Let’s be frank, I’m not the journaling type but I definitely can see the benefits and I’m working on being more consistent with it.  Normally since I have a long commute to and from work, I process my daily life in my head.  However, I think journaling may be faster—you remove yourself from the situation at hand and become the witness.  

Sometimes, I get bogged down in the day-to-day activities and lose sight of what is truly important to me.  Like everyone, I can lose sight of my connection to my dharma, my true identity, etc. and journaling can help bring everything back into focus.  

Personally, when I take the time to journal it makes me less reactive towards others.  Not necessarily kinder-but less likely to rip someone’s (say…like my husband) head off.  Journaling makes me reflect on what I appreciate about others and why they are in my life (good or bad).  It also makes me realize how I judge others based on the expectations I set for myself.  Everyone is doing the best that they can and I’m learning how to be content with whatever the outcomes are…which is really hard for a control freak like me. 

I also think journaling helps me grasp how it is related to Ego and identifying with the Ego.  I’m learning to get out of the way of myself and the load of malarkey that I carry as if it were the true me.  This creates barriers and walls that I use to protect myself…which impacts my relationships with others.

I realize this by seeing it laid out bare in a journal entry.  It is very eye opening.  

Journaling helps me process the information I already have (I know this stuff! Those duh! moments) and apply it to access a deeper place.  I am a head-y person and analyzing logical information (journal entries) to gain wisdom is something I think I will always be working on. 

Ultimately, I take the wisdom gained and apply it to understand the nature of SELF—that is a leap of faith-not only in the process but in myself and my inherent nature; that connection with something greater than myself.  Journaling makes me step back and look at how my lifestyle and behaviors impact my true nature.

I hope to continue this process called journaling to make better choices.

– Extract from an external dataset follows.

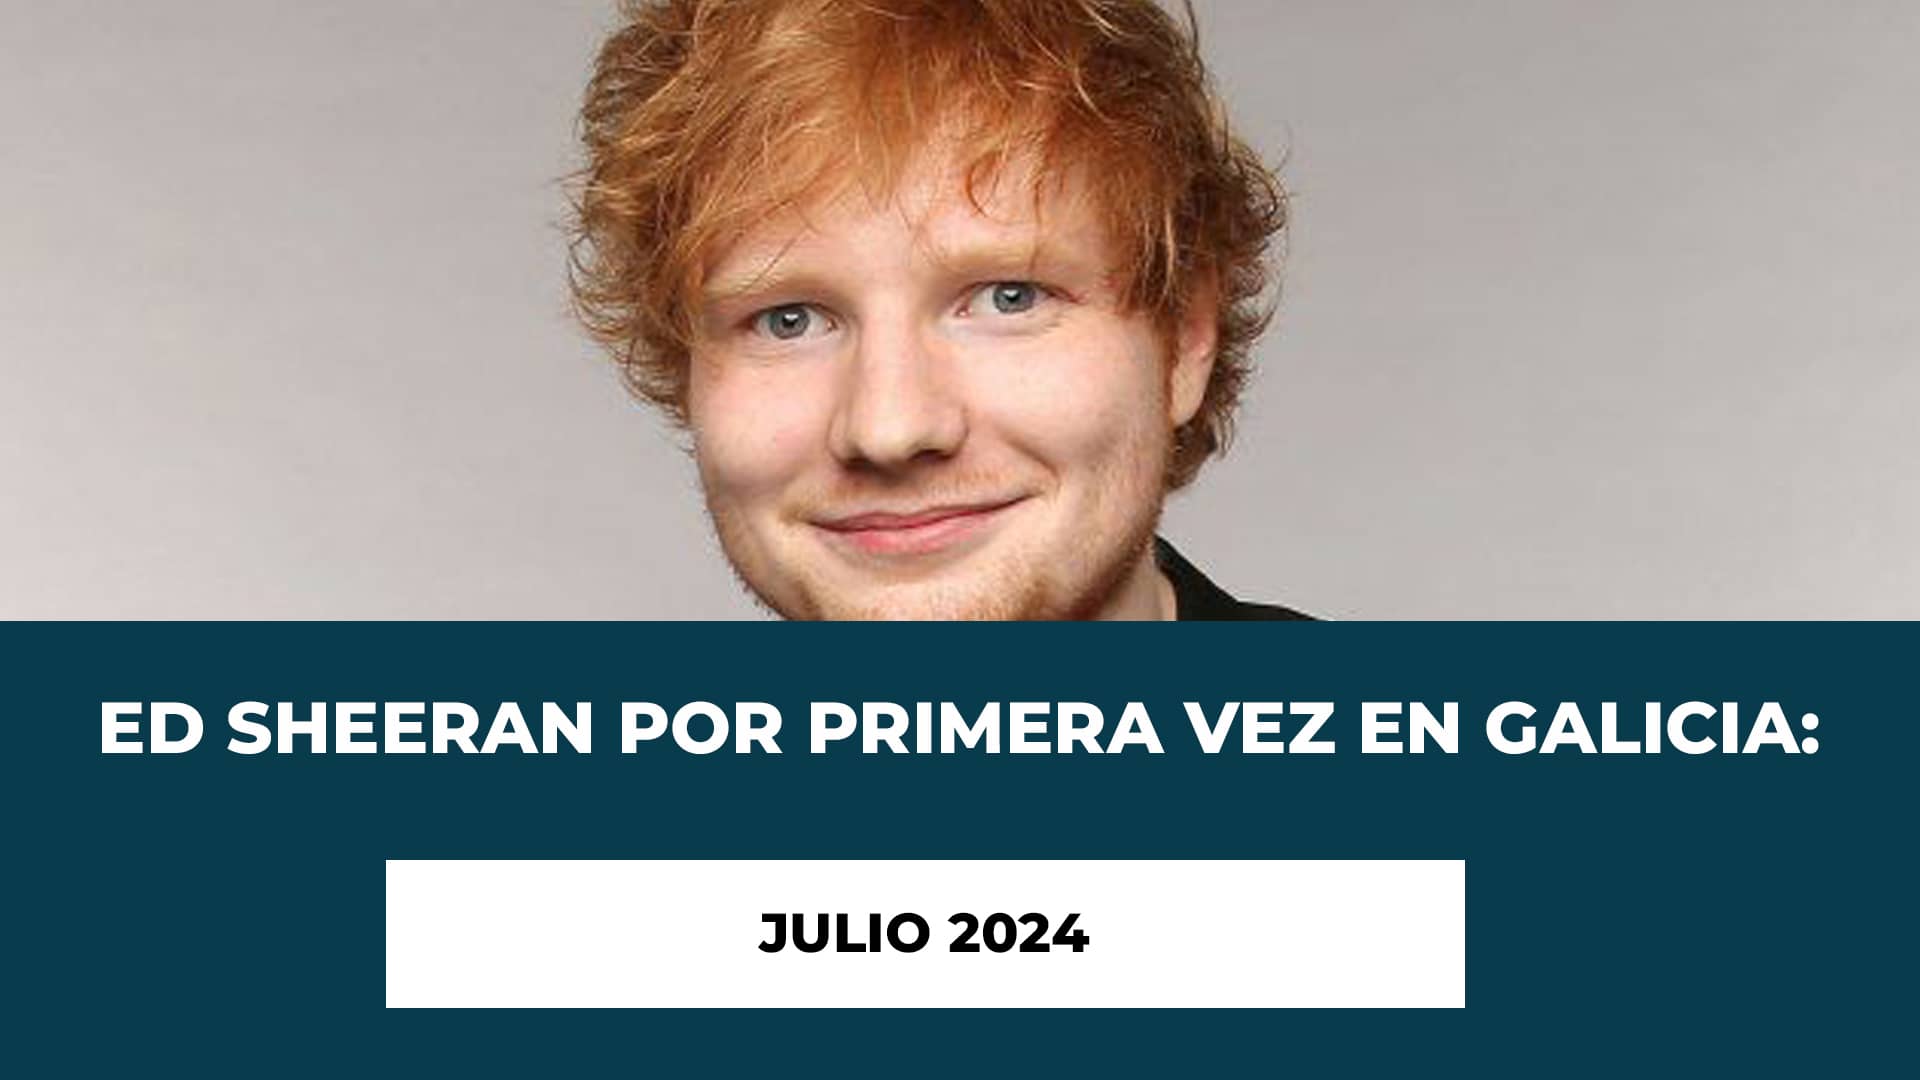 Ed Sheeran por primera vez en Galicia: Julio 2024 - Fecha - Lugar - Horario - Entradas a la venta - Ed Sheeran Santiago Compostela

NOW LET'S START JOURNALING:

Start easy...Keep it simple!

Journal every day for next two weeks (since i bet, you're cooped up in the house anyway!)

Starting Today:
• Write down ONE thing that disturbed your peace
• Write down WHY it disturbed your peace
• Write down HOW you reacted

After two weeks, go back and re-read your entries.  Did anything change?  Did your reactions change? Did the things that bother you change?  There is no right or wrong answer-just notice if anything shifted.  

Then keep going...don't stop...keep writing!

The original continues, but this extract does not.